[Home] [Inhalt / Table of contents / Table des matières] |
|
[PDF] The Hamburg Metaphor
Database[1]
Carina
Eilts (carina.eilts@uni-hamburg.de) / Birte Lönneker (birte.loenneker@uni-hamburg.de) AbstractThis article presents the Hamburg Metaphor Database project, an online database of French and German metaphors which came into being in 2002. In this database, metaphors appearing in different domain-specific corpora collected from mass media are available. The metaphors are annotated with lexical and conceptual information according to standard resources of the field: the EuroWordNet database for lexical information (synonyms) and the Berkeley Master Metaphor List for conceptual information (conceptual domains). The data collected can be explored for language studies and research via a WWW user interface without charge. It can be used for cross-language comparison of metaphors and the technical as well as the conceptual domains they occur in. We believe that it can also give indications on how lexical resources for Natural Language Processing could deal with metaphor representation in a better way. Dieser Artikel stellt das Projekt der Hamburger Metapherndatenbank vor. Diese Online-Datenbank französischer und deutscher Metaphern wurde im Jahre 2002 ins Leben gerufen und stellt Metaphern zur Verfügung, die in verschiedenen sachgebietsspezifischen Korpora aus Massenmedien auftauchen. Die Metaphern werden mit lexikalischen und konzeptuellen Informationen nach entsprechenden Standards annotiert: Für die lexikalischen Informationen ("Synsets") wird die EuroWordNet-Datenbank herangezogen, für die konzeptuellen Informationen ("konzeptuellen Domänen") die in Berkeley entwickelte Master Metaphor List. Die gesammelten Daten können für Sprachuntersuchungen und Forschungszwecke kostenlos über eine WWW-Schnittstelle abgerufen werden. Vergleiche von Metaphern in verschiedenen Sprachen werden ebenso ermöglicht wie Untersuchungen der Sachgebiete und konzeptuellen Domänen, in denen sie auftreten. Zudem können die Daten als Anhaltspunkte zur Verbesserung der Behandlung von Metaphern in lexikalischen Ressourcen für die maschinelle Sprachverarbeitung Verwendung finden. 1. Aim
The aim of the Hamburg Metaphor Database research project is to make available via the World Wide Web metaphors collected by students for their theses (Master theses and German state examination theses). The theses have been written at the Institute of Romance Languages at Hamburg University since the year 1992. Example sentences are extracted from the corpora of these theses and annotated with lexical and conceptual information.
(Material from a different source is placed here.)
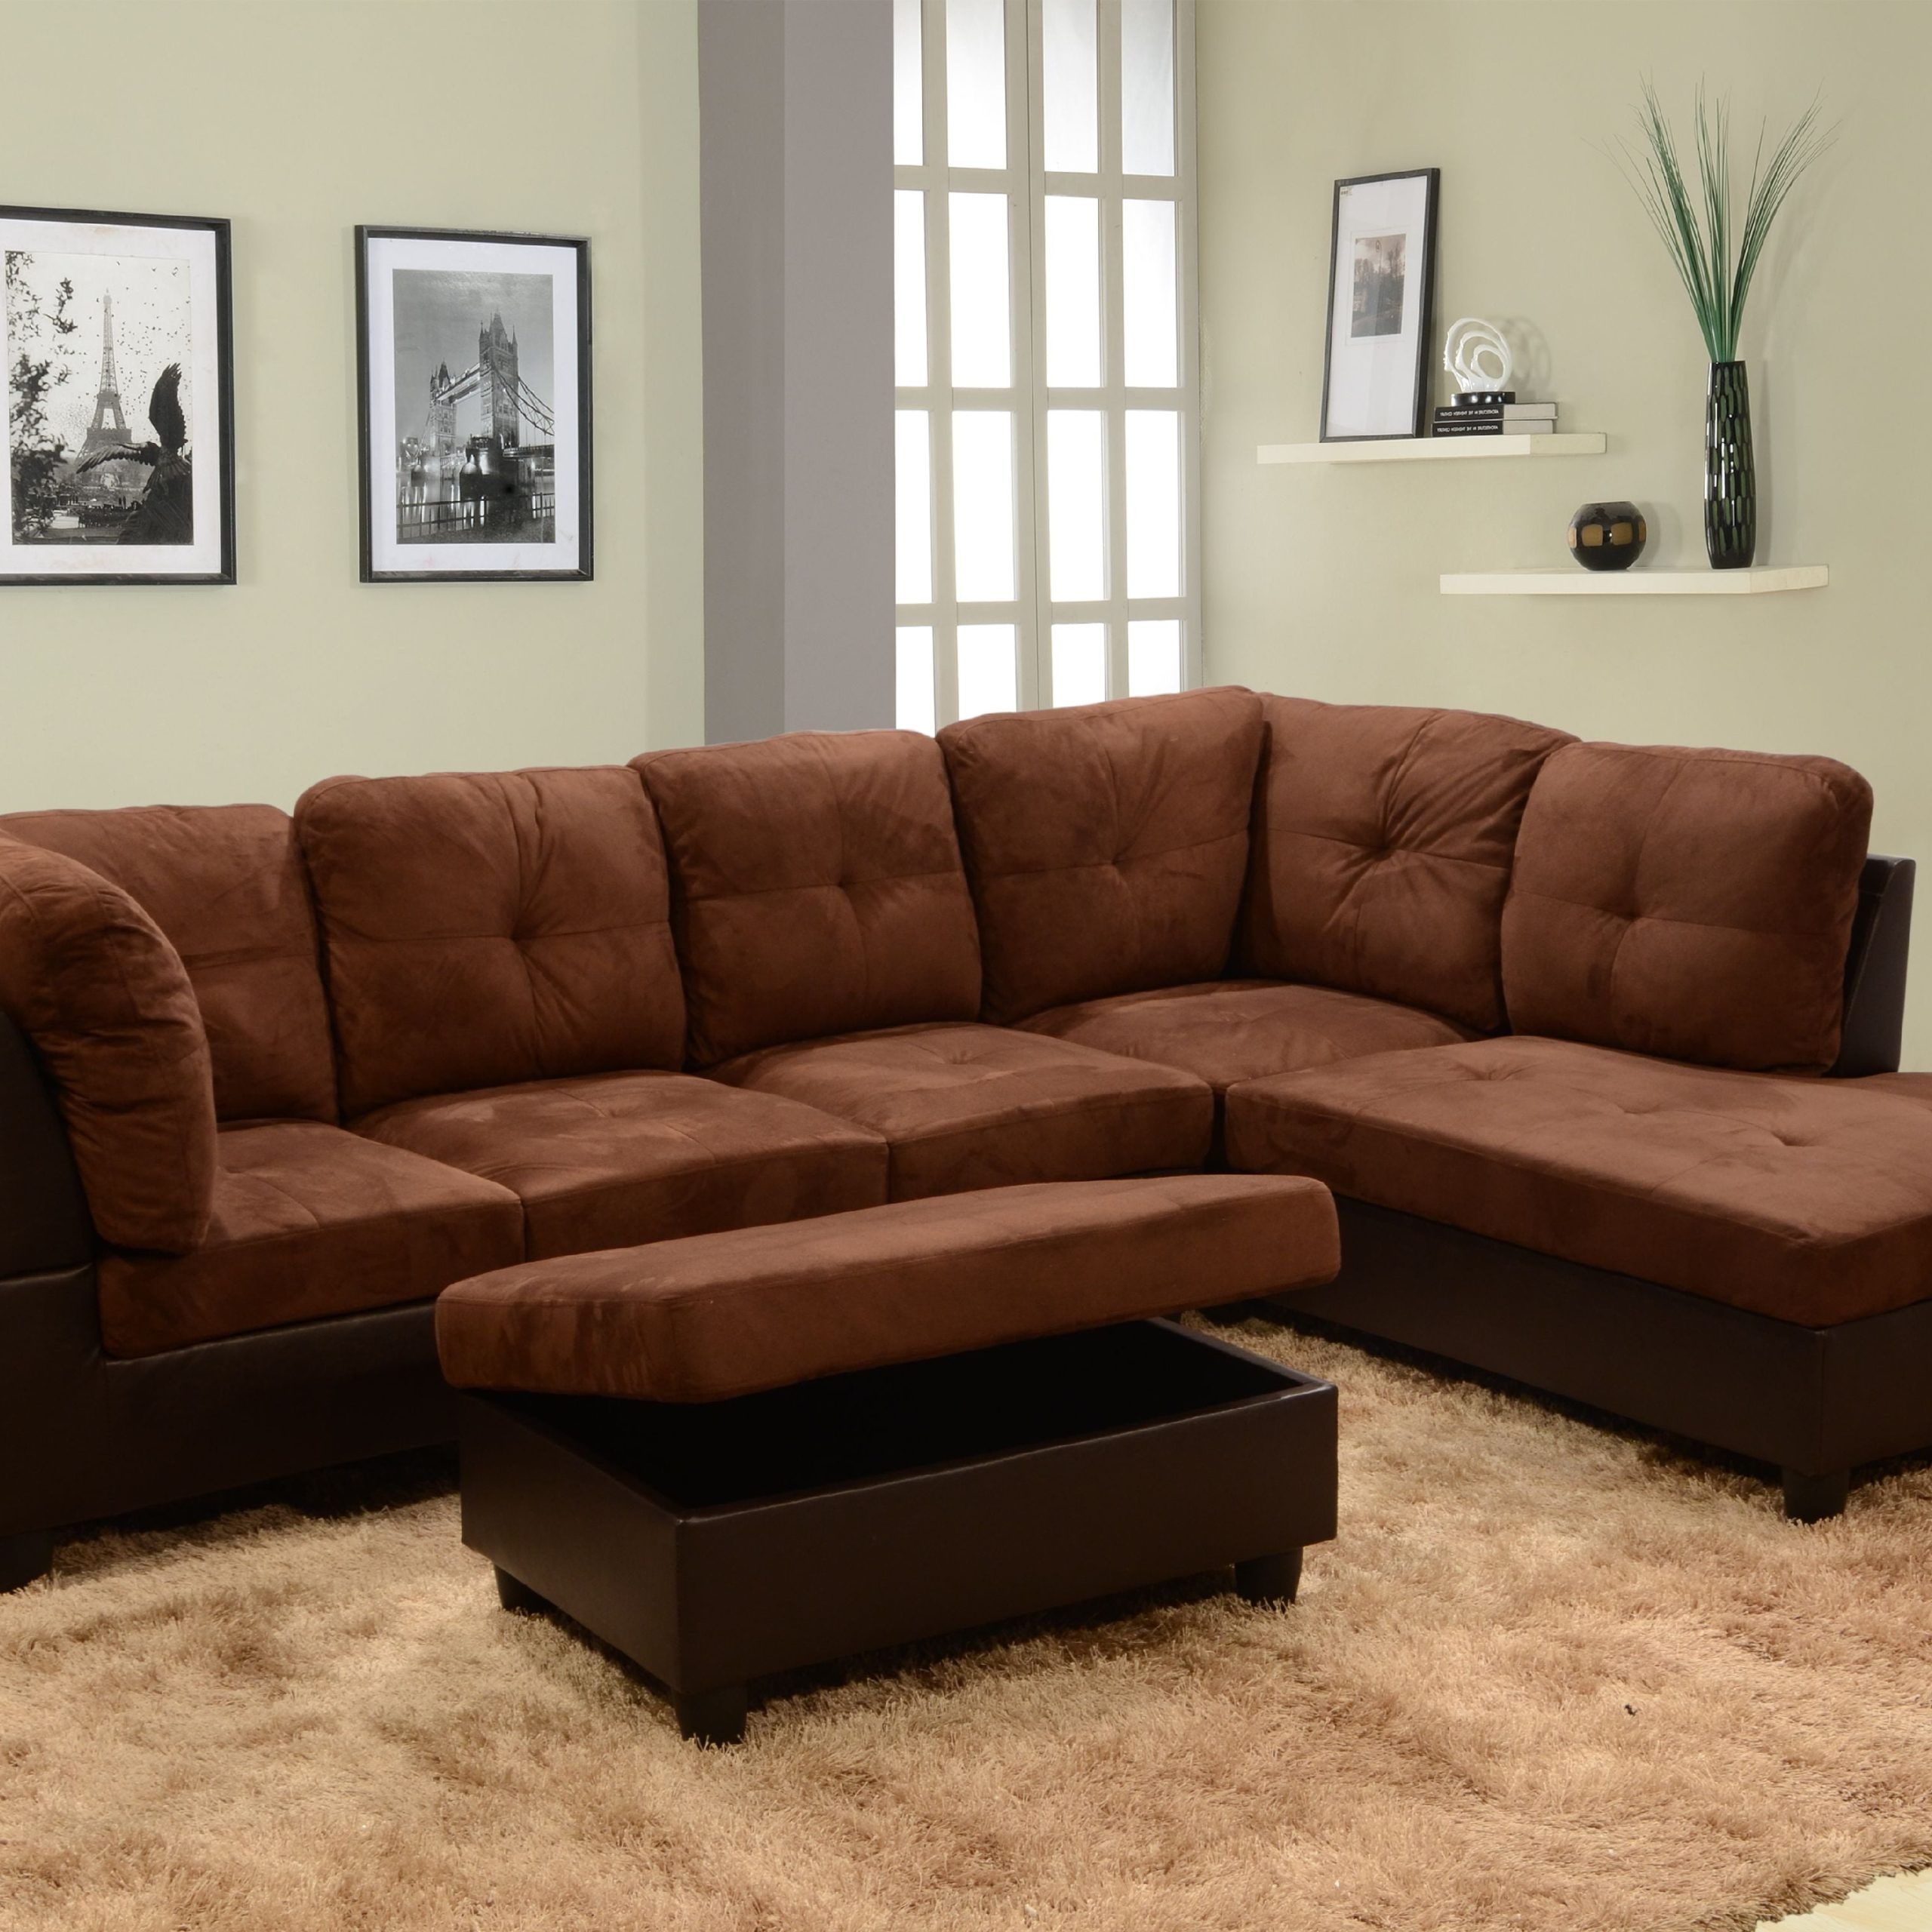 Matt Right Facing Sectional Sofa With Ottoman,chocolate – Walmart Within Sofas With Ottomans (View 3 of 20)

The resulting data is stored in a database and it is available online without charge for purposes of language studies and research. The Hamburg Metaphor Database is reachable via http://www.rrz.uni-hamburg.de/metaphern. This
work has been inspired by research on the possibility of metaphor representation
in lexical resources for Natural Language Processing (NLP) performed by Alonge/Castelli
(2002a, 2002b). They show what kind of information on metaphors is already
present in a specific lexical resource, the ItalWordNet, and discuss ways of how
to encode more information at various levels. Their basic claim is that not only
individual metaphorical word senses should be encoded in NLP resources, but also
the conceptual level on which certain regular or conventional metaphorical
processes take place. By adding this kind of general information, it would be
"possible to infer which words might potentially display a certain
metaphoric extension" (Alonge/Castelli 2002b:1951). The
metaphors collected in our database together with the lexical information taken
from a lexical database used in NLP, EuroWordNet (EWN), will help to determine
some conventional metaphorical senses which should be added to existing lexical
resources. Since conceptual information is added to our metaphor database as
well, we believe however that its main advantage will be to indicate
regularities in conceptual mapping. The data in two European languages, German
and French, can further be compared to the results of other work, like the one
by Alonge/Castelli, in order to determine whether a common European
representation of metaphors in European lexical resources like EWN can be
envisaged or not[2]. 2. Resources
By
now, our collection contains ten theses about metaphors which have been
accomplished at the Institute of Romance Languages under the supervision of
Prof. Dr. Settekorn. For their theses, the authors built corpora in French and
German language, centered around certain subjects (e.g., political elections,
football championship) and analysed the metaphors contained in the texts. The
corpora have been extracted from different media (mainly newspapers, magazines
and television) by the theses authors. The metaphors in their original immediate
context (sentences or parts of sentences) are the input to our database. For
annotating the metaphors, we use two different resources: on the one hand,
EuroWordNet (Vossen 1999) in its French and German version, on the other hand
the Master Metaphor List compiled by the Berkeley Cognitive Linguistics Group (Lakoff
et al. 1991). In the remainder of this section, we will briefly describe these
two resources. EuroWordNet
is based on the Princeton WordNet (http://www.cogsci.princeton.edu/~wn/)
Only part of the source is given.